The decode phase generates output tokens one at a time. Each step requires loading the entire model's key-value cache from GPU memory. This is memory-bandwidth-bound, not compute-bound, which is why even the fastest GPUs can only push so many tokens per second. An H100 SXM5 has 3.35 TB/s of memory bandwidth; an A6000 has 768 GB/s — that difference dominates decode speed far more than raw compute specs.
These are different problems. Optimizing one doesn't automatically help the other. Teams often pour effort into reducing TTFT while ignoring inter-token latency, then wonder why long-form outputs still feel sluggish.
Streaming Is the Cheapest Win You're Not Taking
If your application currently waits for the full response before displaying anything, fixing that is the single highest-leverage change you can make. Streaming outputs tokens incrementally, and the effect on perceived latency is dramatic — often 10-100x improvement in how fast users feel the system responds.
The reason is psychological, not technical: humans process text as they read it. A response that starts appearing in 400ms and streams for 3 seconds feels dramatically faster than one that delivers the complete text 3.4 seconds later. Code completion tools set an even tighter bar — under 100ms TTFT is the threshold where suggestions feel native to the editor rather than disruptive.
Target TTFT benchmarks by use case:
- Chatbots: under 500ms
- Code completion: under 100ms
- Batch pipelines: up to 30 seconds is acceptable
Streaming doesn't reduce total generation time — in fact it adds a tiny overhead. But for any interactive use case, it's the first optimization to implement, and it requires nothing beyond enabling the streaming flag in your API call.
KV Cache: The Optimization with Multiple Layers
The key-value (KV) cache stores intermediate attention computations so the model doesn't recompute them on every token generation step. This is what makes decode feasible at all. But there are several distinct caching strategies layered on top of each other, and confusing them leads to missed optimization opportunities.
Per-request KV cache is the baseline — every inference engine does this. It keeps attention keys and values in GPU memory across the decode phase for a single request.

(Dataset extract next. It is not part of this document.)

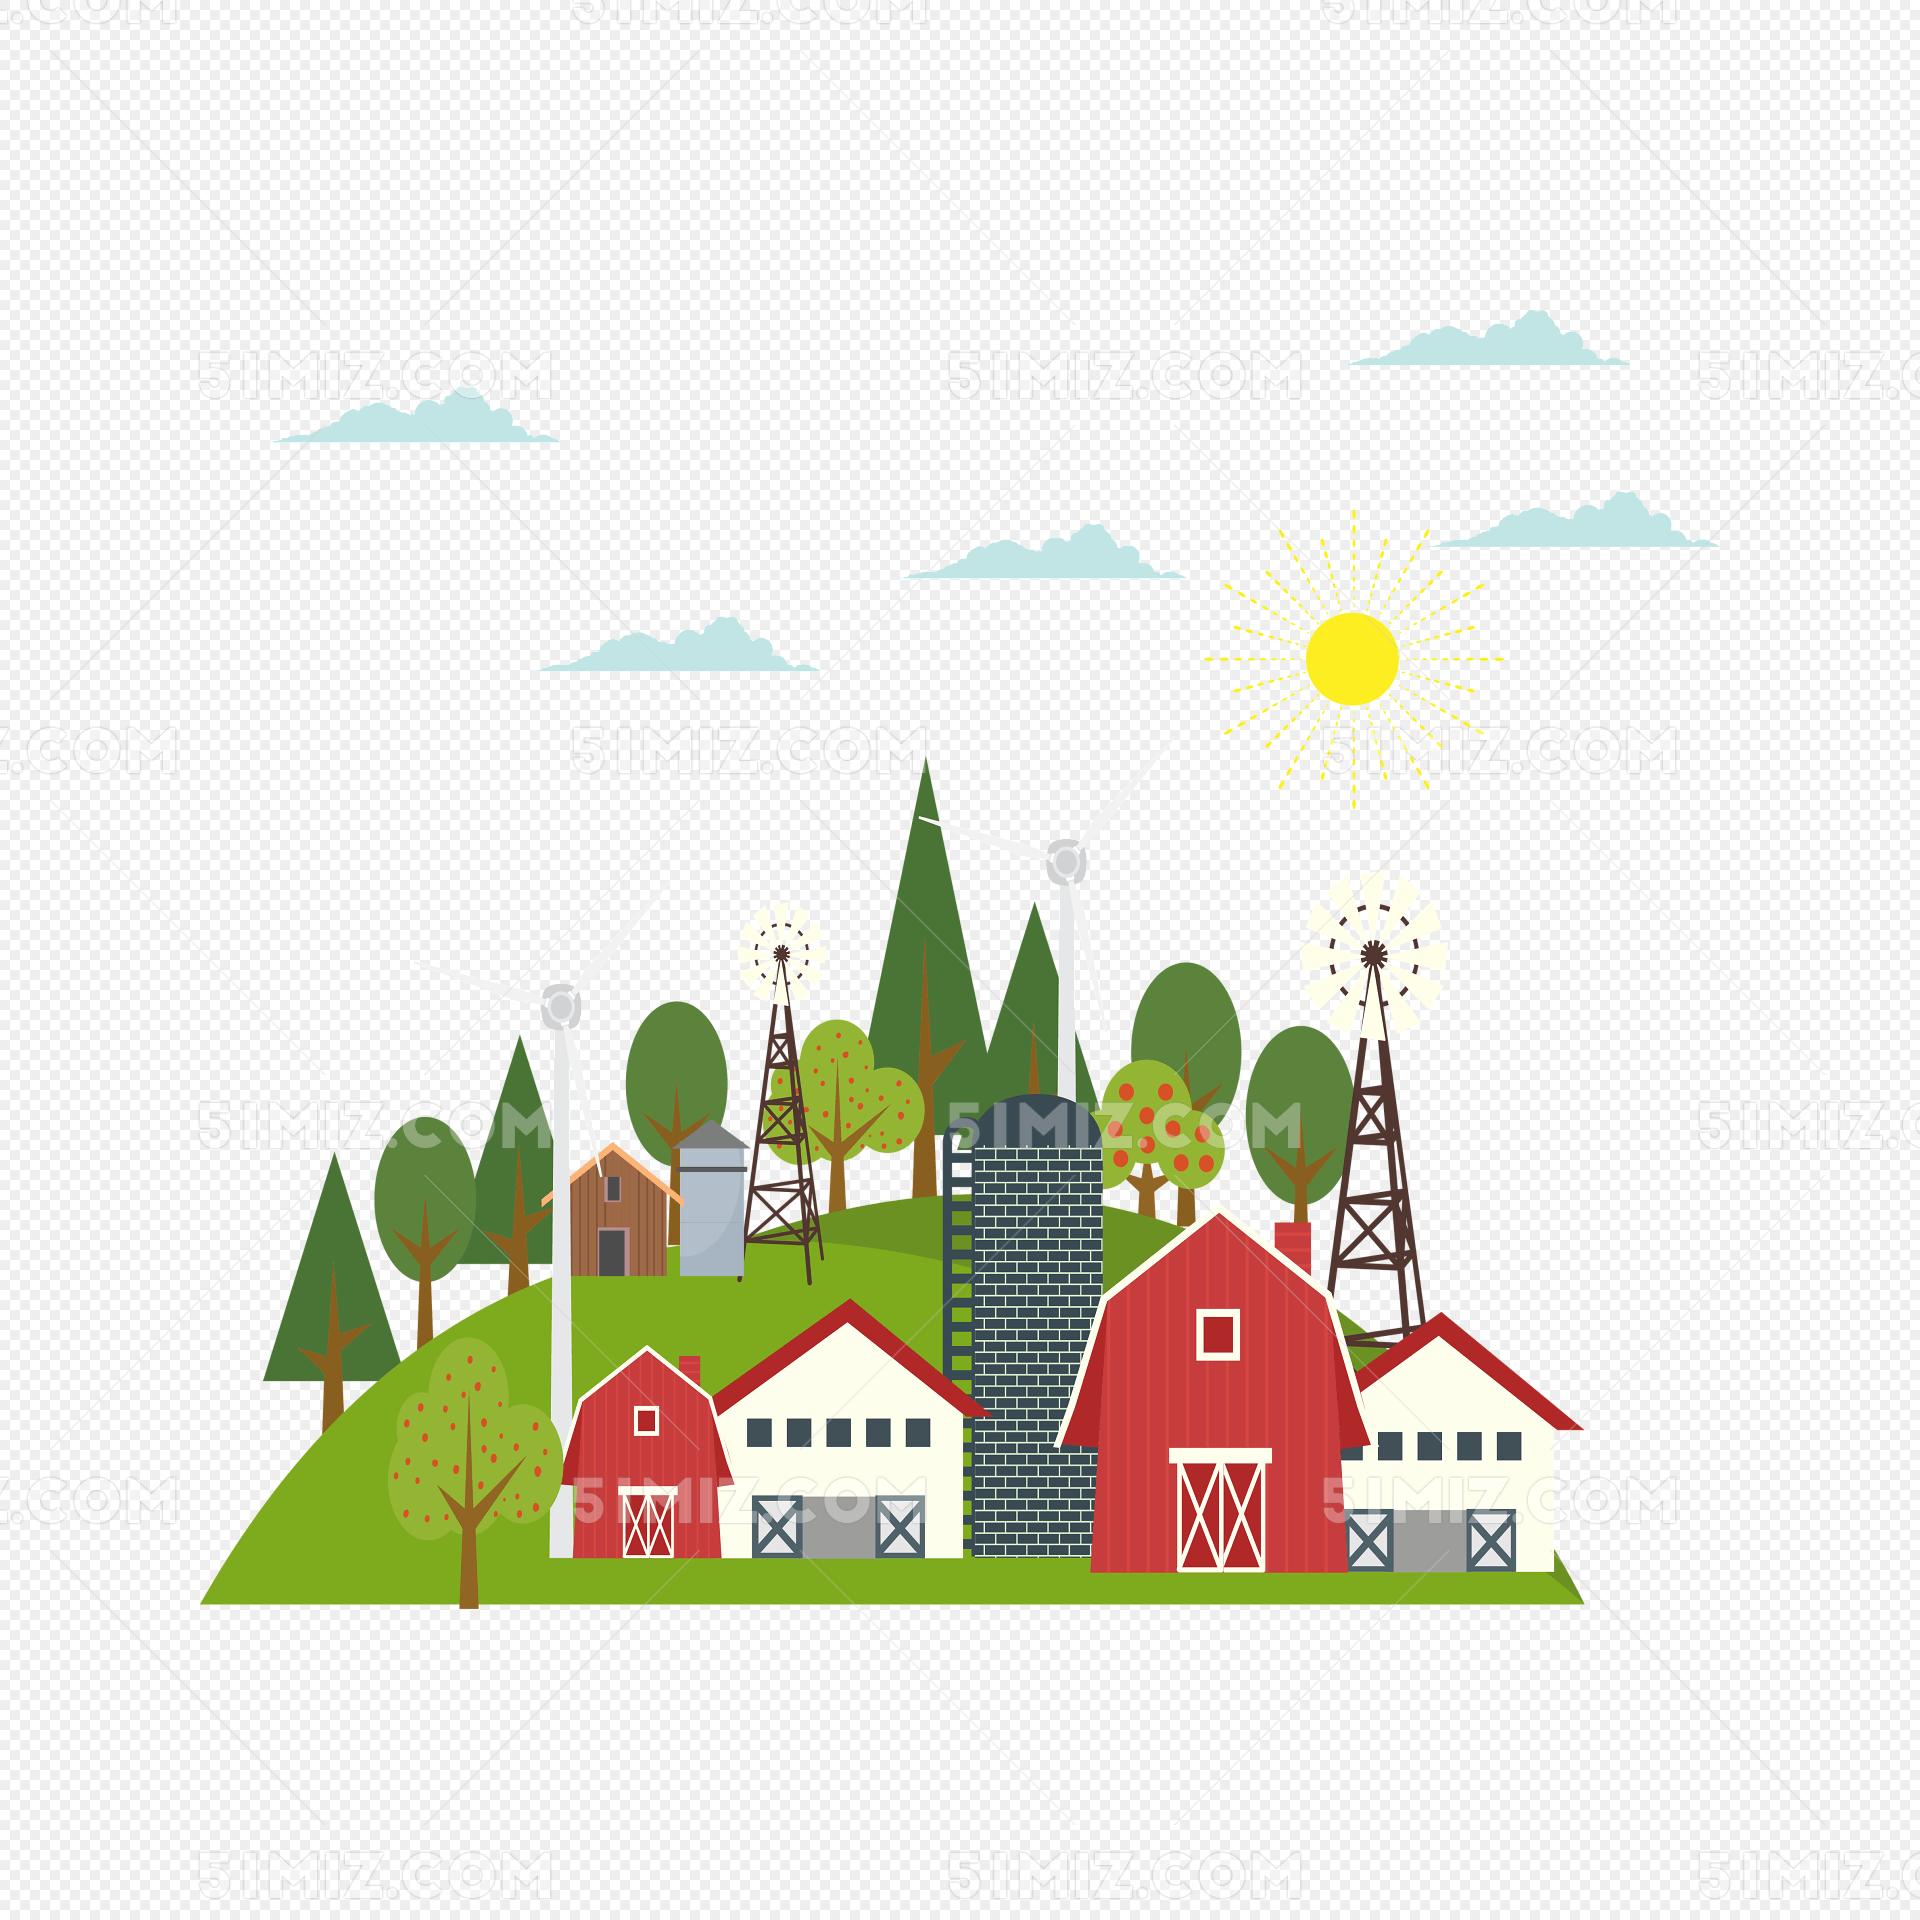 阳光下的乡村房屋卡通矢量图

The memory footprint is substantial: for Llama-3-70B at standard precision, a single 4,096-token context consumes roughly 1.3 GB of VRAM.
Prefix caching extends this across requests. When multiple requests share a common prompt prefix — like all calls to the same system prompt — the engine can compute that prefix once and reuse its KV states across all requests. In practice, this reduces TTFT by 60-80% for requests that hit the cache. In agentic workflows where hundreds of requests start with the same tool definitions and system context, this is significant.
If you're using a hosted API rather than running your own inference engine, you can still benefit from prefix caching through prompt caching at the API level. The key is structuring your requests so static content (system instructions, background context, tool definitions) comes before dynamic content (user messages), and placing cache breakpoints at the boundary between static and dynamic content. The common mistake is marking the wrong block — if your cache breakpoint moves with every request, you never get a hit.
A useful rule for placement: the cache breakpoint should mark the end of content that stays identical across requests, not the end of the last message. Monitor cache_read_input_tokens in the response to confirm you're actually hitting the cache.
Semantic caching is a different layer entirely. Rather than caching exact prompt prefixes, it embeds queries and matches semantically similar requests against a vector cache. If someone asks "what's the return policy?" and another user asks "how do I return an item?" — same intent, different phrasing — semantic caching can serve both from the same cached response. Studies have shown up to 90% compute reduction in production deployments with repetitive query patterns. This is most valuable in customer-facing applications where many users ask variations of the same questions.
Speculative Decoding: Worth It for Long Outputs
Speculative decoding addresses the fundamental bottleneck of sequential token generation. A small, fast "draft" model generates several candidate tokens (typically 3-12) in parallel. The larger target model then verifies all candidates in a single forward pass — accepting correct ones in bulk and rejecting the first wrong token. When the draft is right, you get multiple tokens for approximately the cost of one target model step.
Real-world speedups of 2-3x are well-documented on generation-heavy workloads. The catch is that acceptance rate — how often the target model agrees with the draft — varies significantly. Domain-specific tasks where the draft model has seen similar text tend to achieve 70-90% acceptance rates. Generic or highly variable tasks score lower.
If you're running your own inference stack, monitor spec_decode_draft_acceptance_length in your serving engine. An acceptance rate below 0.5 tokens per step is a sign of poor draft-target pairing and speculative decoding may not be worth the added complexity. If you're using a managed inference provider, this is often handled automatically for supported model pairs.
Quantization: The Infrastructure Unlock
Model quantization — reducing weight precision from 16-bit to 8-bit or 4-bit — is less about latency and more about infrastructure economics that indirectly enable latency wins.
The numbers are striking. Llama-3-70B in BF16 occupies roughly 140GB of VRAM, requiring two H100 80GB GPUs at around $2.69/hour each. The same model in 4-bit AWQ fits on dual RTX A6000s with 96GB total VRAM at about $0.49/hour per GPU — over 80% cost savings with minimal quality degradation for most tasks.
The latency connection: fitting a model on fewer, cheaper GPUs means you can run more replicas for the same budget, reducing queuing time. FP8 quantization on H100s provides roughly 50% VRAM reduction with up to 1.6x throughput improvement on generation-heavy workloads. With more VRAM freed up, you can also hold larger KV caches, which improves cache hit rates.
For production deployments: quantize first, before spending on more expensive hardware. The quality tradeoff is usually acceptable for inference tasks, and the infrastructure flexibility is significant.
Batching: Where Single-Tenant Thinking Kills Performance
Static batching — waiting until you have a full batch before processing — introduces unnecessary head-of-line blocking. A long request stalls all short requests behind it. Throughput goes up but tail latency skyrockets.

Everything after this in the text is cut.